------ Supplied entries ------

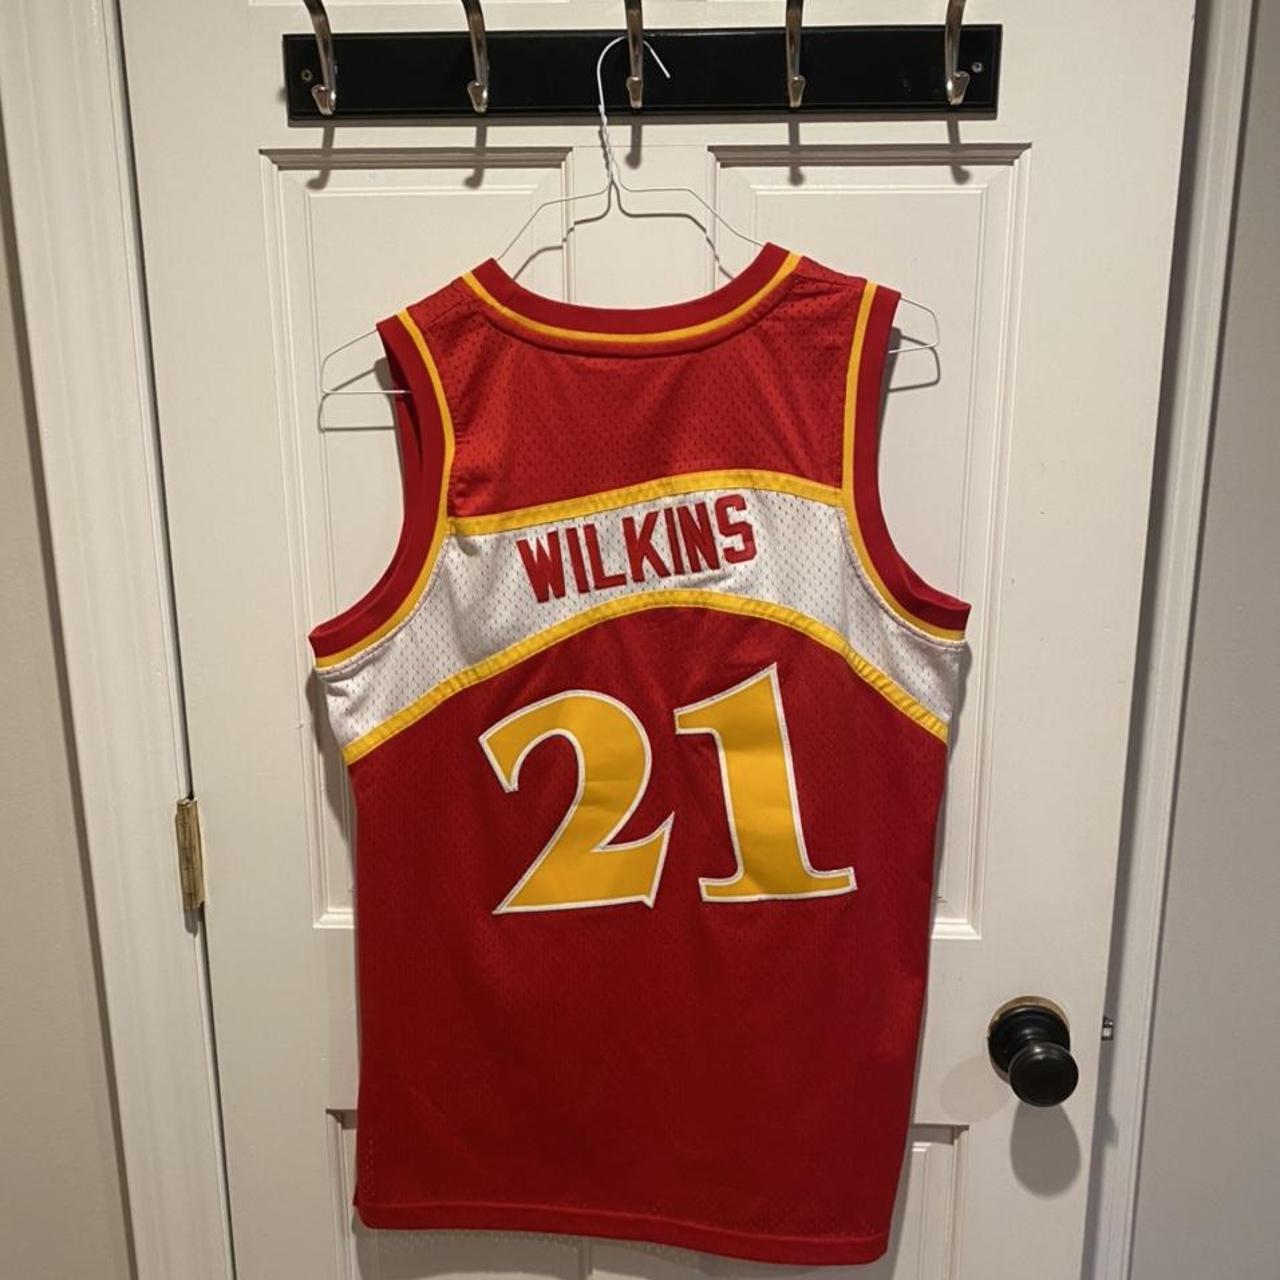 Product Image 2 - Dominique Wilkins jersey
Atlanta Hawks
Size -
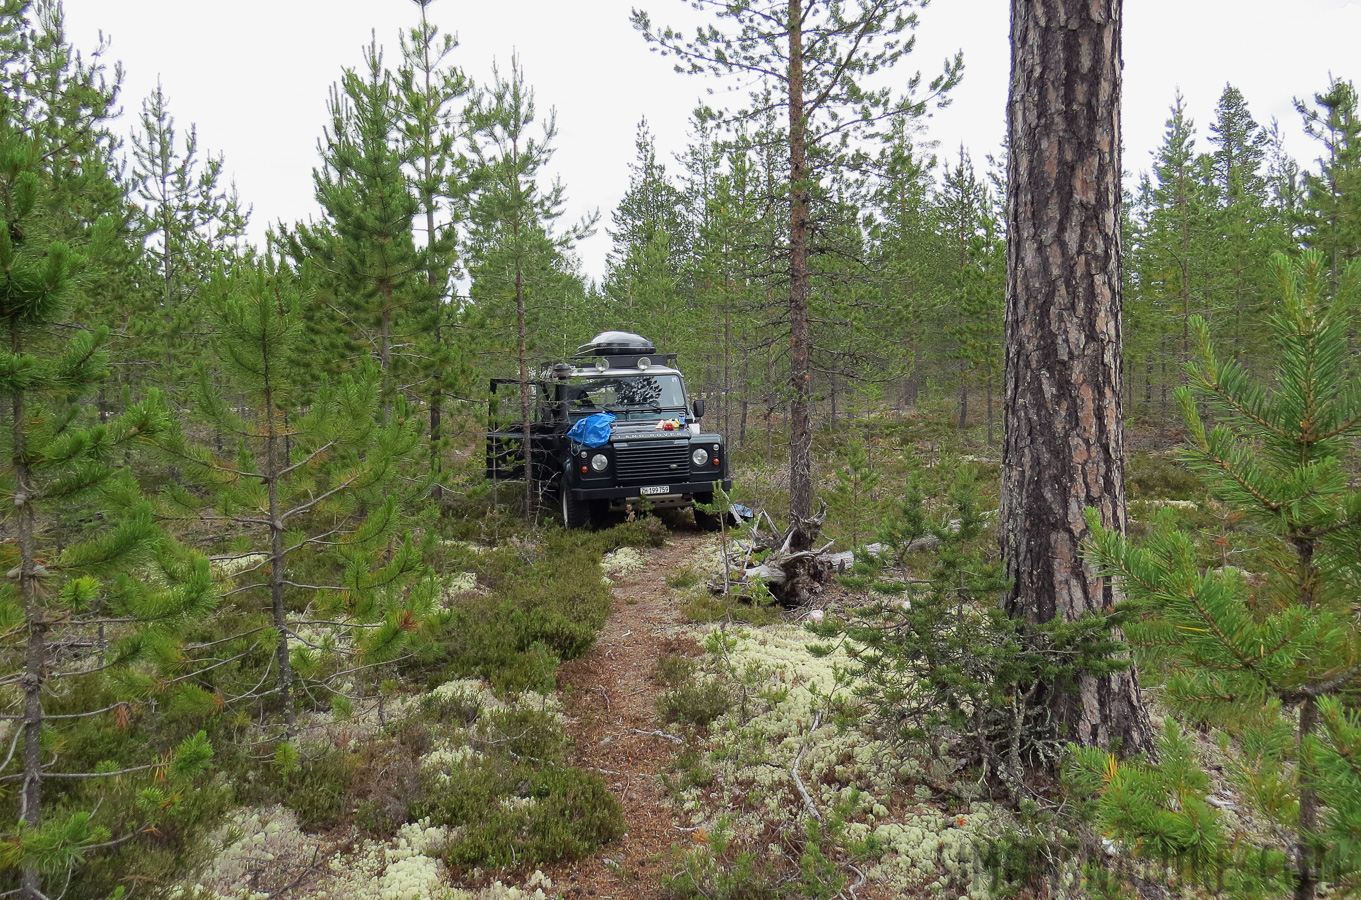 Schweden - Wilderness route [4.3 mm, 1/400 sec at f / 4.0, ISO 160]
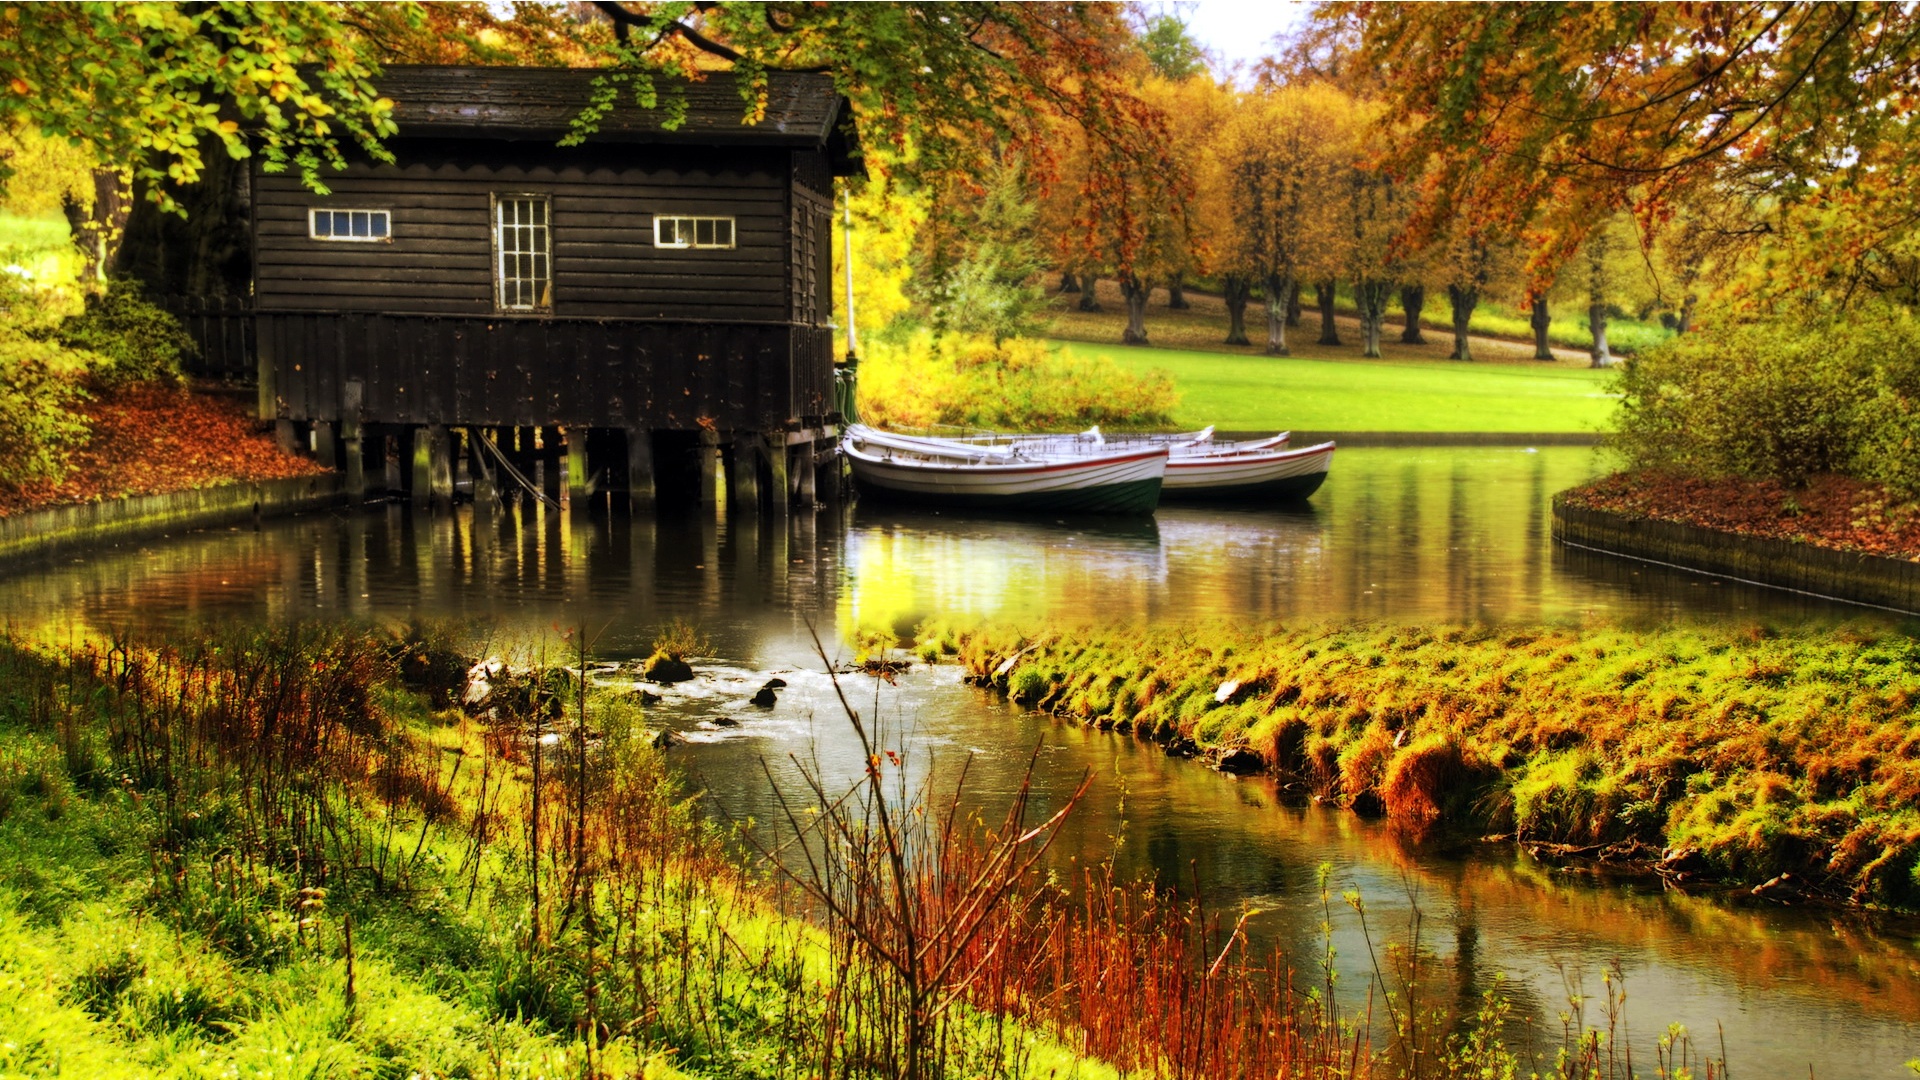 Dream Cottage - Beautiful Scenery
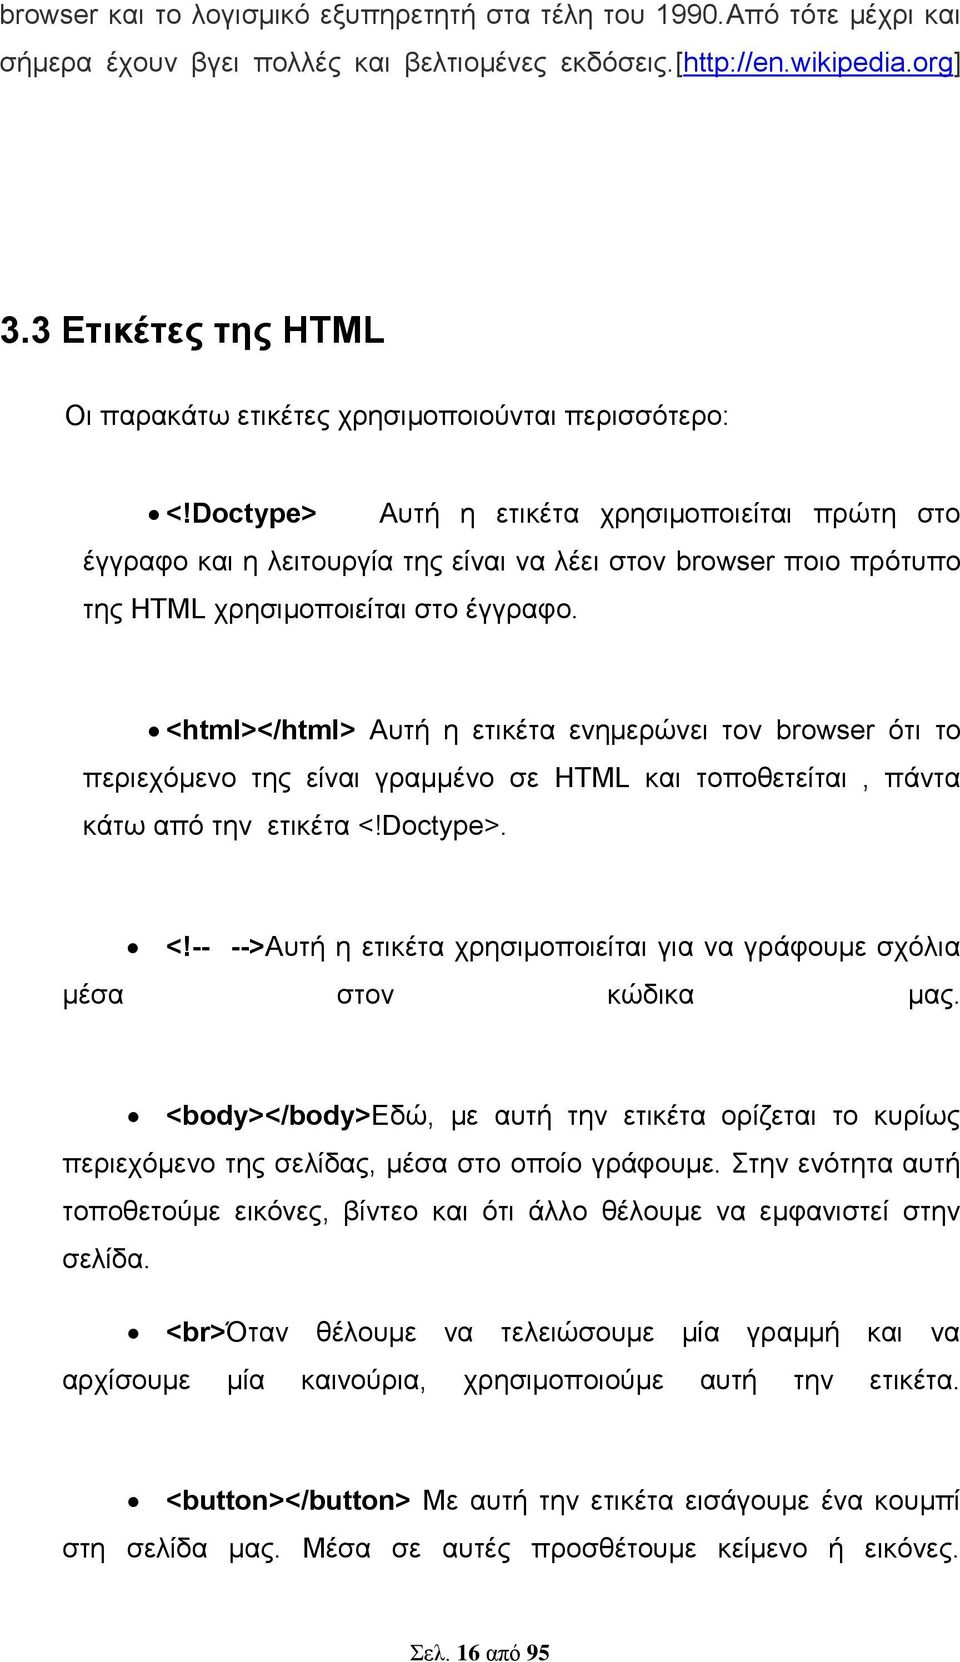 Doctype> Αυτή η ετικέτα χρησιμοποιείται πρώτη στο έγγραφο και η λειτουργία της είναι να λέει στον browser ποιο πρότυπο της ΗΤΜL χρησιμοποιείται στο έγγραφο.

------

Pictures must be left out of the answer, which should be exactly the lines from the one holding "Dream Cottage - Beautiful Scenery" through the last line of the entries above, both included; please add nothing.

 Dream Cottage - Beautiful Scenery
 Doctype> Αυτή η ετικέτα χρησιμοποιείται πρώτη στο έγγραφο και η λειτουργία της είναι να λέει στον browser ποιο πρότυπο της ΗΤΜL χρησιμοποιείται στο έγγραφο.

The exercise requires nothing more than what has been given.